BEGIN Data records

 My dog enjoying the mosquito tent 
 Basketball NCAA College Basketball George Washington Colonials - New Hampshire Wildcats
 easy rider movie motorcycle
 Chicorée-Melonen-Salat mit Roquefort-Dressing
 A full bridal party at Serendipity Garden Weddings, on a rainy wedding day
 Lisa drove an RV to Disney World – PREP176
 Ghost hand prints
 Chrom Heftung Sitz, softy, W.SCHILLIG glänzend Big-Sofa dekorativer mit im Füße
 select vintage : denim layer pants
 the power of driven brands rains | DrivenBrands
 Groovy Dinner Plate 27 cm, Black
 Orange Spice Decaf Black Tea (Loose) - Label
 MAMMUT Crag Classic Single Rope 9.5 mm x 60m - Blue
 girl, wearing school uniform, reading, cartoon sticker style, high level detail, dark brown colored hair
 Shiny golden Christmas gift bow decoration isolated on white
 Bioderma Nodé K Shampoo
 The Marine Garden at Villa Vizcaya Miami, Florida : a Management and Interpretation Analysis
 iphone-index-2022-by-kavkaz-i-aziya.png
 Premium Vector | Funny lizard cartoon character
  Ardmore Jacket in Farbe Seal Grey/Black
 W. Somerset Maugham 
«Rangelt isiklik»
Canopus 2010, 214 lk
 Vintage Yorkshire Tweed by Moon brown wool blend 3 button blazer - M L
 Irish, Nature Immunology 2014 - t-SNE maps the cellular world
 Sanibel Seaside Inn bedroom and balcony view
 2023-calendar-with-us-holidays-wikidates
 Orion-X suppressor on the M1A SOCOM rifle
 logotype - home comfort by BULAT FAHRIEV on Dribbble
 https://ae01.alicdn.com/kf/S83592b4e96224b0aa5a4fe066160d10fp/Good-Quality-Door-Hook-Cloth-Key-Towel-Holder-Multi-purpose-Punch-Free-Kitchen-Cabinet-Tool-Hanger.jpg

END Data records

• _Assignment_
For the lines above, output exactly those from the line containing "The Marine Garden" through the line containing "Irish, Nature Immunology", and skip the others.

• _Task output_
 The Marine Garden at Villa Vizcaya Miami, Florida : a Management and Interpretation Analysis
 iphone-index-2022-by-kavkaz-i-aziya.png
 Premium Vector | Funny lizard cartoon character
  Ardmore Jacket in Farbe Seal Grey/Black
 W. Somerset Maugham 
«Rangelt isiklik»
Canopus 2010, 214 lk
 Vintage Yorkshire Tweed by Moon brown wool blend 3 button blazer - M L
 Irish, Nature Immunology 2014 - t-SNE maps the cellular world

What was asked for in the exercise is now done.